The purpose of SNAP is not only to realize basic high speed arithmetic operations, but to integrate these operations into representative higher level mathematical functions that can be self contained on the SNAP processor. Thus, SNAP becomes its own floating point processor with the ability to handle some basic signal processing and matrix manipulation operations. The more operations kept internal to the SNAP, the faster these operations can be performed. Thus, various CORDIC matrix arithmetic and root finding operations are being studied to better understand the type of support they would require on a SNAP processor.

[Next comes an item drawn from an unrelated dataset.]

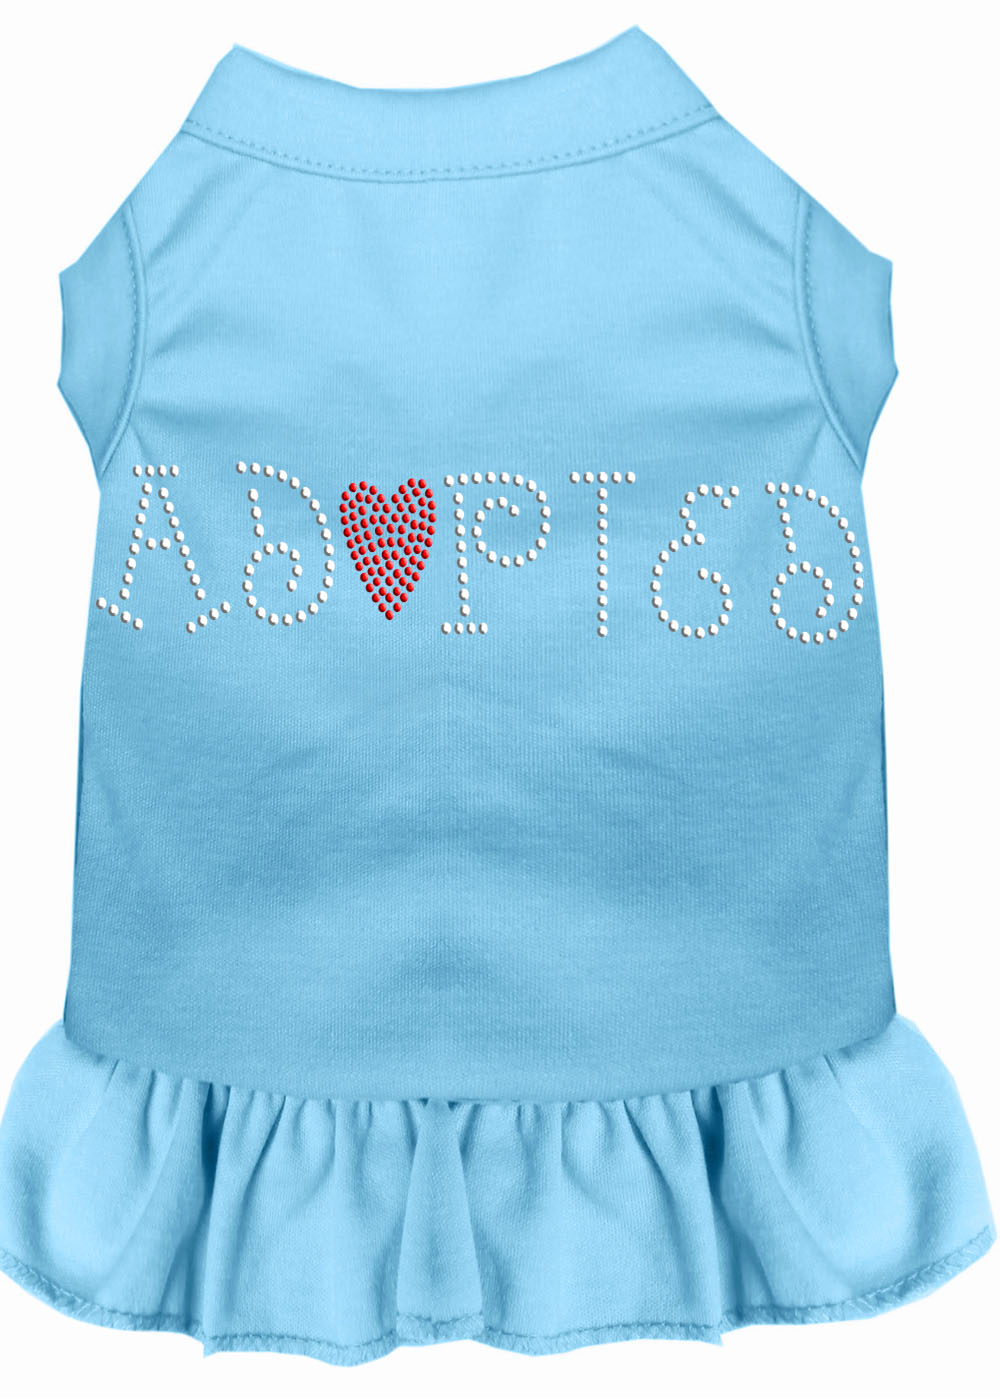 Adopted Rhinestone Dress Baby Blue XXXL
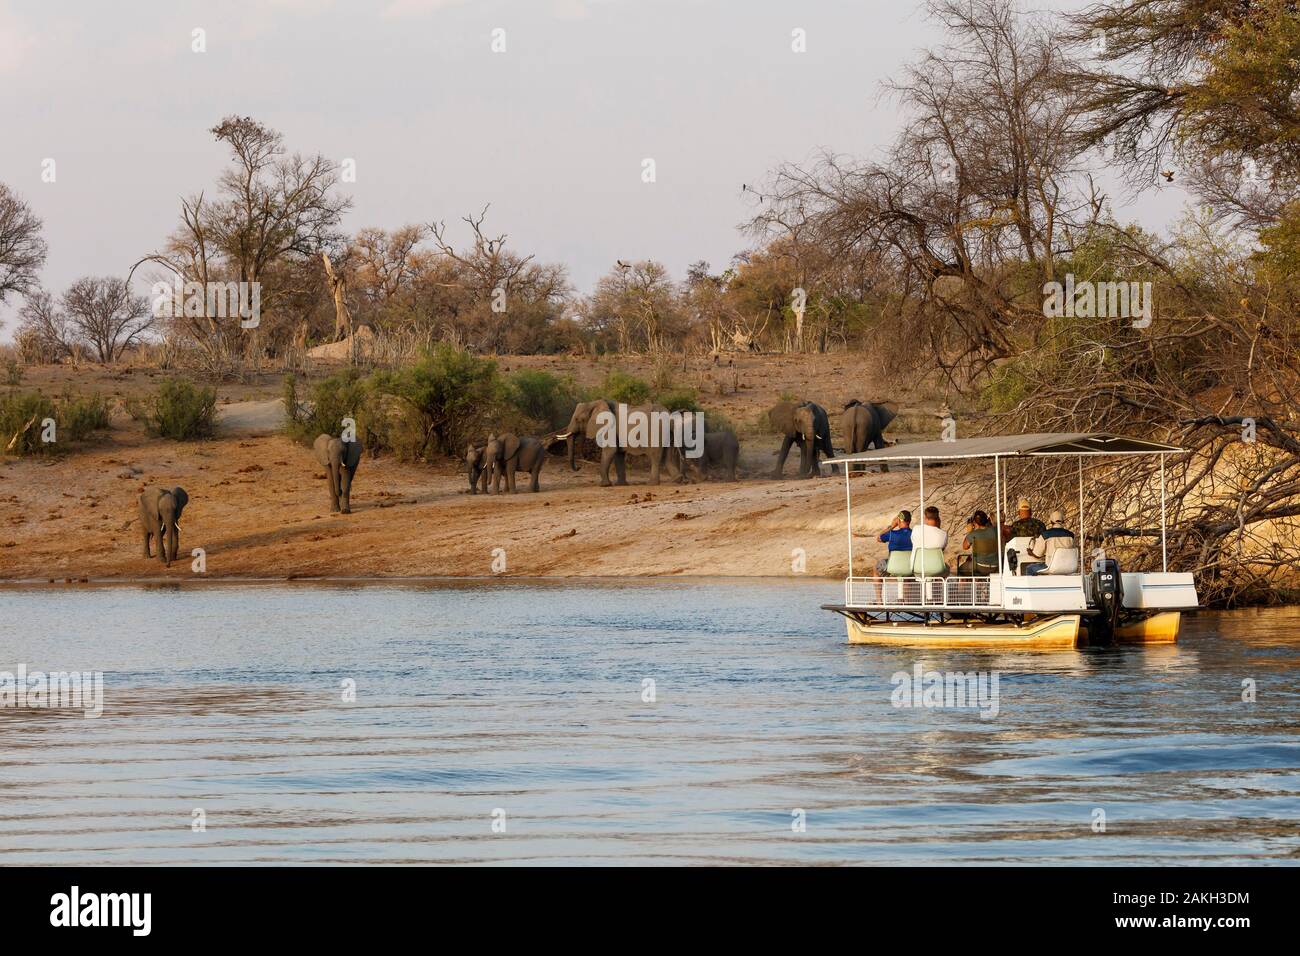 Namibia, Kavango province, Bwabwata National Park, tourists boat on the Okavango river watching elephants Stock Photo

### 2.2.1 High Level Functions

To support these studies work on mathematical and software tools, including symbolic computations, was carried out. Two complementary approaches were pursued to improve high level function performance: the first speeds up a given set of hardware primitives and the matching arithmetic routines, the second attempts to find better primitives, hence jointly optimizing primitives and arithmetic routines. The first approach serves as a baseline to explore incremental improvements. The second approach attempts to achieve a more global optimization; it is in part motivated by a “top down” functional **point** of view, with an eye towards compiler support.

A number of applications were pursued with several objectives in mind: to study the process of matching/mapping algorithms, architectures, and arithmetic, to derive “natural” primitives, and to obtain statistical characterizations. Arithmetic studies included adders, multipliers, and symbolic computations (CORDIC algorithms, CMOS adders [Quach90b]). Device, circuit, and architecture modeling was a second set of topics. Among the main tools to evaluate the performance of the various alternatives are statistical and analytic models for such parameters as speed, area, and power [6].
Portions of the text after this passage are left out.